▶ Required action
Retype, word for word, every line of the records below starting at the one that contains "Lets Express 37.0525 as afraction" and ending at the one that contains "Hall Passes for"; include both of those lines and nothing more.

▶ Data extracted from a collection

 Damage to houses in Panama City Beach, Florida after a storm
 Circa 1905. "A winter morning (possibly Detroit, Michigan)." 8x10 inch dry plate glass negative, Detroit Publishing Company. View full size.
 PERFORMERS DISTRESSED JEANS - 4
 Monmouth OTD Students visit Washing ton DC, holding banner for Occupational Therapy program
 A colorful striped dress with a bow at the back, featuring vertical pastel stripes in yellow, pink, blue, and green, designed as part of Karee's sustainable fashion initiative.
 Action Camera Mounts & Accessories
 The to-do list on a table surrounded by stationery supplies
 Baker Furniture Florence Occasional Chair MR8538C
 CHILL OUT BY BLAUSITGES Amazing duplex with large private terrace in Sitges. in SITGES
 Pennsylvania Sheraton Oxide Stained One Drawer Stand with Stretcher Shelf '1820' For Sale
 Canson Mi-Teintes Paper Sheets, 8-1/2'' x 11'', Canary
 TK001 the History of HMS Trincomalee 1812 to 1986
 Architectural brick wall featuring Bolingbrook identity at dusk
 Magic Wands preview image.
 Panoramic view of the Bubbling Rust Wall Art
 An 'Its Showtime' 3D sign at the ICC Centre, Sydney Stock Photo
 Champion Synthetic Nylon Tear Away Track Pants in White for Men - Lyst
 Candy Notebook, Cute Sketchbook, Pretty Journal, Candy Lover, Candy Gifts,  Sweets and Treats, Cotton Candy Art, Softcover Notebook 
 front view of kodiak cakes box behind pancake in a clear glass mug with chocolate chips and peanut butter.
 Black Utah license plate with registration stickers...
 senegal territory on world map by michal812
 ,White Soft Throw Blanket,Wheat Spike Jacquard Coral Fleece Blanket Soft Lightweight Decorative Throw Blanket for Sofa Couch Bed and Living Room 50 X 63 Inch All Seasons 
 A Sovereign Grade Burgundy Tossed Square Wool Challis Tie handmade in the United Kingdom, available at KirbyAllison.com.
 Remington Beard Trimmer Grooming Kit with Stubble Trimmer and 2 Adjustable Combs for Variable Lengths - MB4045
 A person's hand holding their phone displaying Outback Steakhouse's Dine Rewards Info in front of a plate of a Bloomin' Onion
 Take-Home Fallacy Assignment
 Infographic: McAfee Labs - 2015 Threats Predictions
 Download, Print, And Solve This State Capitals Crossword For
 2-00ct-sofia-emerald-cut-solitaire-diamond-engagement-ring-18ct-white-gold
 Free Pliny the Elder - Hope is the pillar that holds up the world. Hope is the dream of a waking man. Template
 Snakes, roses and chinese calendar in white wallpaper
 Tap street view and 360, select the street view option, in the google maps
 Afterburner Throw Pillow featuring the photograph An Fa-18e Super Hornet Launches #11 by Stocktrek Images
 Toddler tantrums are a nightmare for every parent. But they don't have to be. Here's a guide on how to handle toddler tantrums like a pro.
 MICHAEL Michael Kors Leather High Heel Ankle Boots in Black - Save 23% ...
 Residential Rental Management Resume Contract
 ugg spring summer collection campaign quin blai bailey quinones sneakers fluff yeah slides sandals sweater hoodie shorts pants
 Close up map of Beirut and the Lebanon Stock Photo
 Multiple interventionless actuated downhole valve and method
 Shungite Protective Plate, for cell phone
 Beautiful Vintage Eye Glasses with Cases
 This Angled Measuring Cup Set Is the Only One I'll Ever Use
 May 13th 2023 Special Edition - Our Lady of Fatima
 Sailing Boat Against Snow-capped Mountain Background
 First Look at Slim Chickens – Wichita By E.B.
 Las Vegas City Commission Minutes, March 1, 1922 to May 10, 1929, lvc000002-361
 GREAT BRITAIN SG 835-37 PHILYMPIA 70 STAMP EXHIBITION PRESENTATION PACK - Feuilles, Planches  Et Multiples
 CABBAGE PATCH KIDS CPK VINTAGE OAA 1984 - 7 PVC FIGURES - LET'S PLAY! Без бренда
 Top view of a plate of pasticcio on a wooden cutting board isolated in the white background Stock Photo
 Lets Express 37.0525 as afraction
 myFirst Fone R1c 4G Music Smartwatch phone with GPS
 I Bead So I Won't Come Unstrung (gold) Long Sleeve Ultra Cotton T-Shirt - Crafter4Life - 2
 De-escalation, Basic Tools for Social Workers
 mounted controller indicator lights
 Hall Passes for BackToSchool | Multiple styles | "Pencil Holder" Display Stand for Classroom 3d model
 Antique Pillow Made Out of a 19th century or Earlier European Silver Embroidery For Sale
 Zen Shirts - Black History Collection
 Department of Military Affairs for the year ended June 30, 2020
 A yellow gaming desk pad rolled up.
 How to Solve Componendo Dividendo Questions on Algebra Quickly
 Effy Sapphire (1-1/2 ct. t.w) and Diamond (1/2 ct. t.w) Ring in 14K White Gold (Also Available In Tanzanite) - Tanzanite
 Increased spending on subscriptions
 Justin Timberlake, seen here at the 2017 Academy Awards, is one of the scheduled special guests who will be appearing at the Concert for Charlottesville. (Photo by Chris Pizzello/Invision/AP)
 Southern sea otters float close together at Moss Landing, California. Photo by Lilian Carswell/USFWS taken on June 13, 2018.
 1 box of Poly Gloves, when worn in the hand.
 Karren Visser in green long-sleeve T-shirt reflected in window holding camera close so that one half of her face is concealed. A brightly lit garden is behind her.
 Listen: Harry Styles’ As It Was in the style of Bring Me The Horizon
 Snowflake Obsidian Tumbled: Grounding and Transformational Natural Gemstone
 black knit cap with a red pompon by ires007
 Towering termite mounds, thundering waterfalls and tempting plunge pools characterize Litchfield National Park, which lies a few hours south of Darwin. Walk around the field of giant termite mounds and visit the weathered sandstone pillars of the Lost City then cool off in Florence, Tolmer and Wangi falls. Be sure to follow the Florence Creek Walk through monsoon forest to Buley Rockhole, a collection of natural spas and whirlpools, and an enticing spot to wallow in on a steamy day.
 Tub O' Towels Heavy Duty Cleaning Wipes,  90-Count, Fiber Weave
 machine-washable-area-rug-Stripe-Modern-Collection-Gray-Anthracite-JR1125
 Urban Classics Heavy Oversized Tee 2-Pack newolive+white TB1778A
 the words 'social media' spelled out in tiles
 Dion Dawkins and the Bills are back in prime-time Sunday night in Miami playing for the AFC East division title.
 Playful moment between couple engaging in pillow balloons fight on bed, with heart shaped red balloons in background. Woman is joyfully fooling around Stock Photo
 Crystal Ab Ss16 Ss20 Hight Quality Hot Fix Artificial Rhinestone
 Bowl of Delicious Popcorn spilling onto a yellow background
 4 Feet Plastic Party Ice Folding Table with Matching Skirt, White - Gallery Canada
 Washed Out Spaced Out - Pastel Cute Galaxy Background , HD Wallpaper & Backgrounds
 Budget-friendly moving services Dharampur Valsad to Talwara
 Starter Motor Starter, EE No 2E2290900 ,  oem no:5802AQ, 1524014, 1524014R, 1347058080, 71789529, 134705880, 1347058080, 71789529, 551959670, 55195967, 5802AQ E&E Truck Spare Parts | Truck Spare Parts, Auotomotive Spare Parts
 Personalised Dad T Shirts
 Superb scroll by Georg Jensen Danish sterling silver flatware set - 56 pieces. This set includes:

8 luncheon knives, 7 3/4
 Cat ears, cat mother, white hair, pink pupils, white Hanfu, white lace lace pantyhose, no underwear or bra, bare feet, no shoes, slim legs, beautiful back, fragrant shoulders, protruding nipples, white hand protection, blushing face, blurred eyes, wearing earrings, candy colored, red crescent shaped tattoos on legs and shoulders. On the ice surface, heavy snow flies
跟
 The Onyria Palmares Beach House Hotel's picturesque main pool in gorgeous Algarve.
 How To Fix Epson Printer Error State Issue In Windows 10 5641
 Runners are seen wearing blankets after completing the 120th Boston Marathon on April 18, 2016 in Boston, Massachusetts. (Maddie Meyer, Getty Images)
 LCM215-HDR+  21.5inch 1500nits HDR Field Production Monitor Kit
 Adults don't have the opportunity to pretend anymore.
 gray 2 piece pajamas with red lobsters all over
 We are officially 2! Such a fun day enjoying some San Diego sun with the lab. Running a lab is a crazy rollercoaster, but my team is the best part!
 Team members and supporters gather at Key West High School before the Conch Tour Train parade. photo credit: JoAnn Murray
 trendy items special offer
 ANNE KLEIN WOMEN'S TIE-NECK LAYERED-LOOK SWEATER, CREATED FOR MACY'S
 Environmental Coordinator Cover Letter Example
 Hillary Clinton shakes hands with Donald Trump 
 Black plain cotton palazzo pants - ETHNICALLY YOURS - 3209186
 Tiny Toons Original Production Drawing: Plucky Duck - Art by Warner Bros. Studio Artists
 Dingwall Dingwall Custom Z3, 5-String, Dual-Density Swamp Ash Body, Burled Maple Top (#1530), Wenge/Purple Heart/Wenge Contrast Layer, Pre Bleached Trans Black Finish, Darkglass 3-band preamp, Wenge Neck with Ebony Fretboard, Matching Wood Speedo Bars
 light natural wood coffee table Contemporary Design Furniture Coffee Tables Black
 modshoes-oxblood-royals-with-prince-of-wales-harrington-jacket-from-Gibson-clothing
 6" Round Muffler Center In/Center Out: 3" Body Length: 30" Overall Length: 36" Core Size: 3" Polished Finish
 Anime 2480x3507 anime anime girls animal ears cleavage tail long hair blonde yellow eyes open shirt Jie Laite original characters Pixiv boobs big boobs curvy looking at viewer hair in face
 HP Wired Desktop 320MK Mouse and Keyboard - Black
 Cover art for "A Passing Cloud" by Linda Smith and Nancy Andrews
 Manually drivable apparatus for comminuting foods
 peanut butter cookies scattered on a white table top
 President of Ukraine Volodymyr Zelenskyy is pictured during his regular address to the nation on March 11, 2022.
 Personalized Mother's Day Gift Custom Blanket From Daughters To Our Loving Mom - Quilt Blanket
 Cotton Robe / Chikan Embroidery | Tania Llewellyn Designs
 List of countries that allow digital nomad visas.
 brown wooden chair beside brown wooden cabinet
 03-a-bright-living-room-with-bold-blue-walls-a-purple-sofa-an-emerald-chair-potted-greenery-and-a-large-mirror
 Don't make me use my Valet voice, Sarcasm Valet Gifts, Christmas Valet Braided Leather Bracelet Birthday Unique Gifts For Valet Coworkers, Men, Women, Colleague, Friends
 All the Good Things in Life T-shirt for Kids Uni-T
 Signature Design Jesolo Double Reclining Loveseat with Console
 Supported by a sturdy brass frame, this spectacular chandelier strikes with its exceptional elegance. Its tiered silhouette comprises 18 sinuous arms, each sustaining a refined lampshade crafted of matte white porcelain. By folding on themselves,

▶ Answer to the problem
 Lets Express 37.0525 as afraction
 myFirst Fone R1c 4G Music Smartwatch phone with GPS
 I Bead So I Won't Come Unstrung (gold) Long Sleeve Ultra Cotton T-Shirt - Crafter4Life - 2
 De-escalation, Basic Tools for Social Workers
 mounted controller indicator lights
 Hall Passes for BackToSchool | Multiple styles | "Pencil Holder" Display Stand for Classroom 3d model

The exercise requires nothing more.